#### DIRECTIONS
Look below for the line holding "bandai namco hints" and the line holding "红色 立体 礼盒 免 抠". Repeat those two and everything between, exactly.

----- SUPPLIED RECORDS

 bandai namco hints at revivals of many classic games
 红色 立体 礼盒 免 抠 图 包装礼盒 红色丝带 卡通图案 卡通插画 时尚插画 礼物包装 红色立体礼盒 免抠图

----------
----- SUPPLIED RECORDS

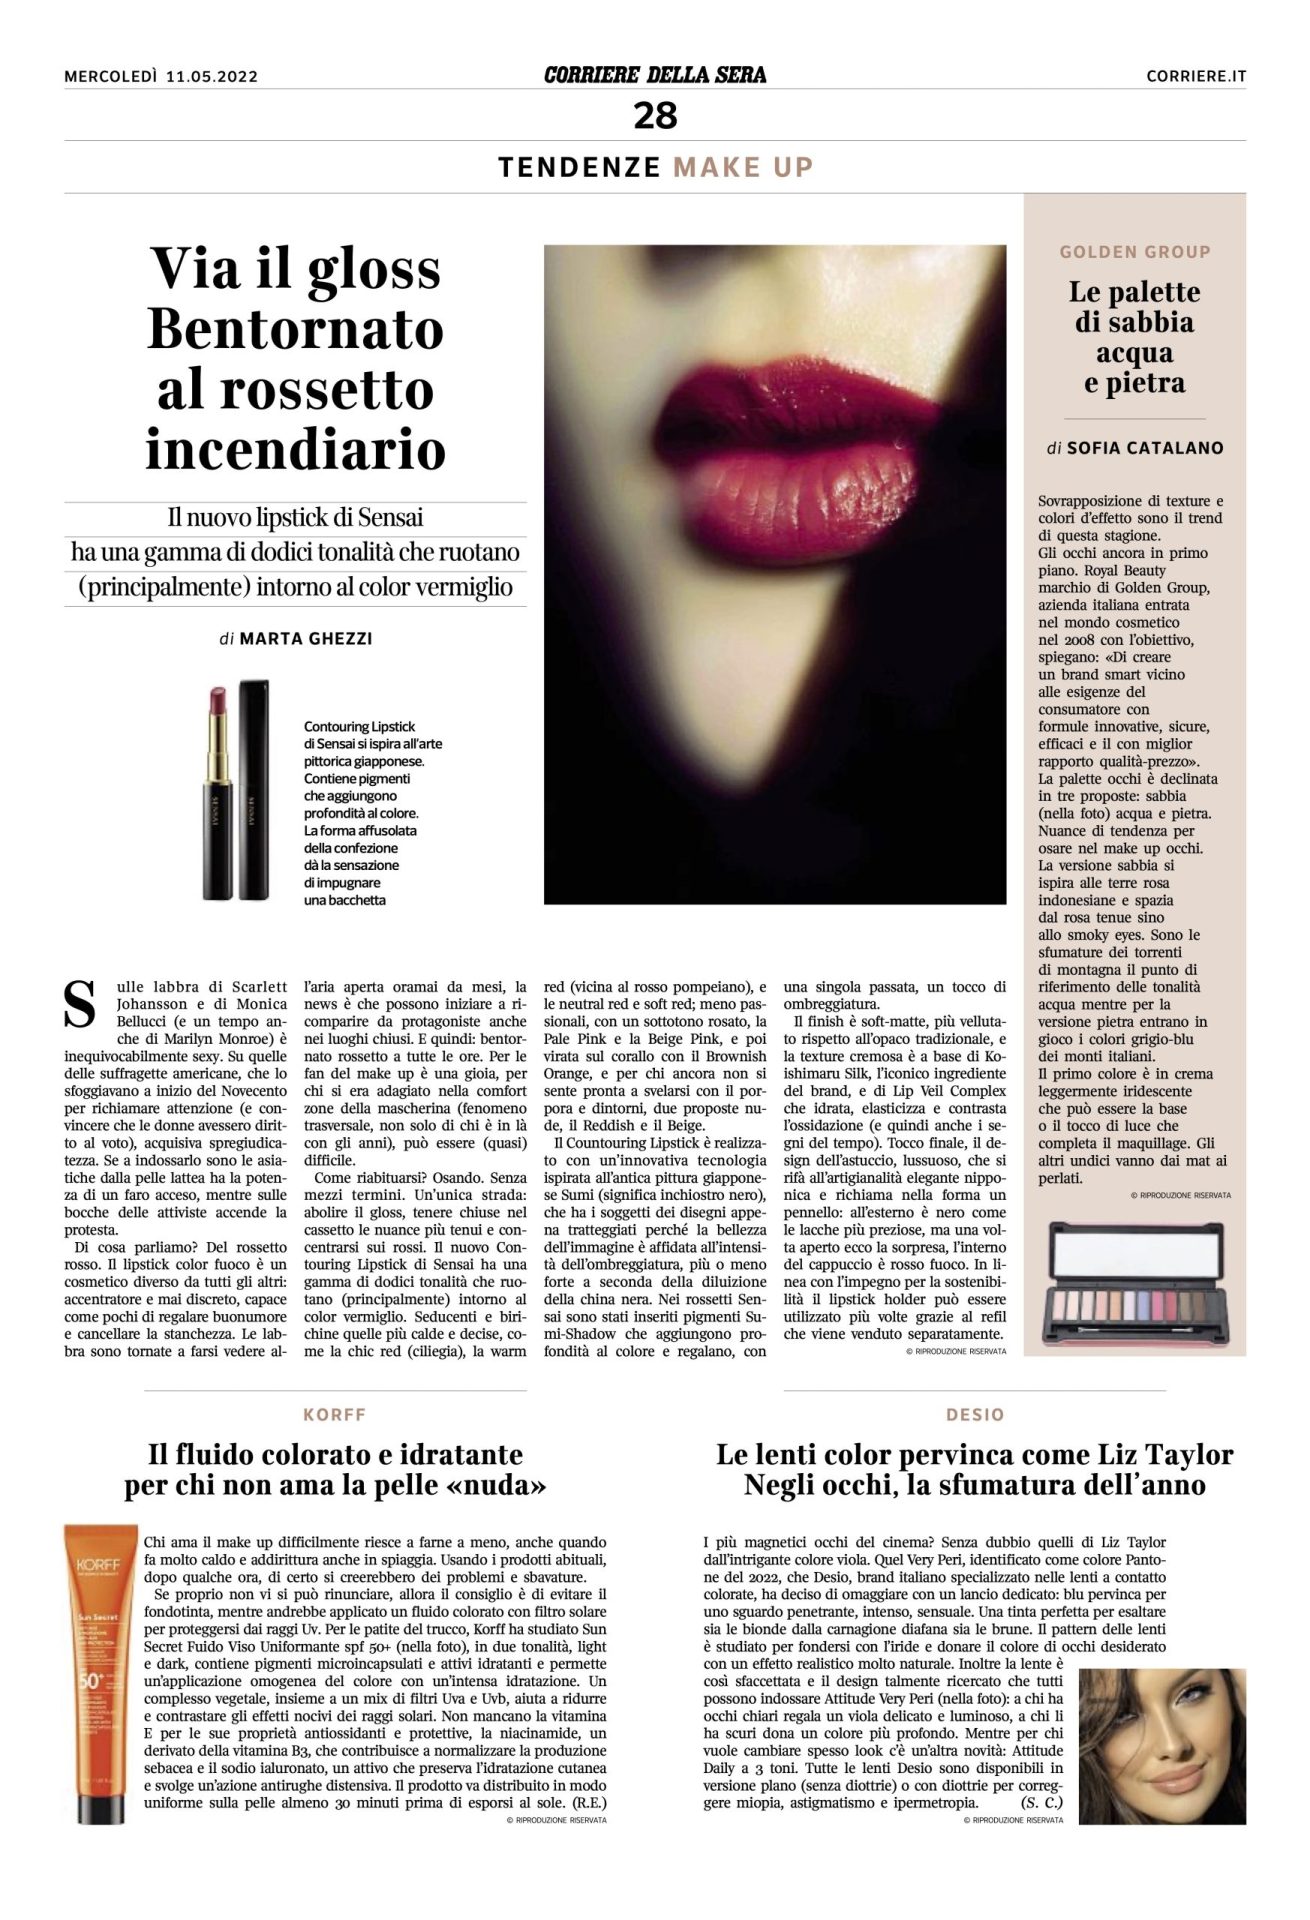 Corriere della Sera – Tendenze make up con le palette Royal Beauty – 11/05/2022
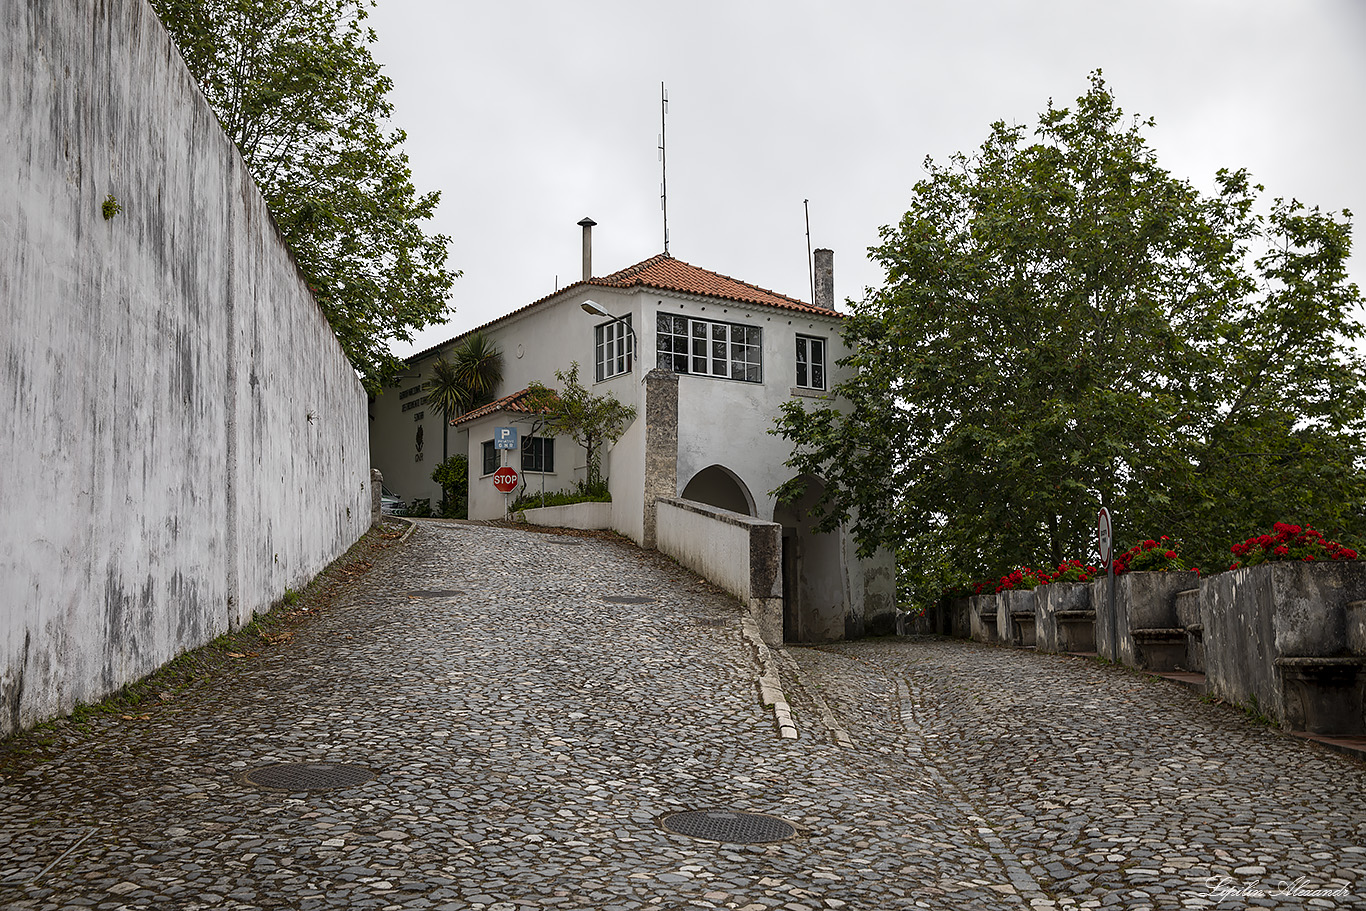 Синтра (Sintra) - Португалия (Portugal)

----------

#### REPLY TO THE TASK
 bandai namco hints at revivals of many classic games
 红色 立体 礼盒 免 抠 图 包装礼盒 红色丝带 卡通图案 卡通插画 时尚插画 礼物包装 红色立体礼盒 免抠图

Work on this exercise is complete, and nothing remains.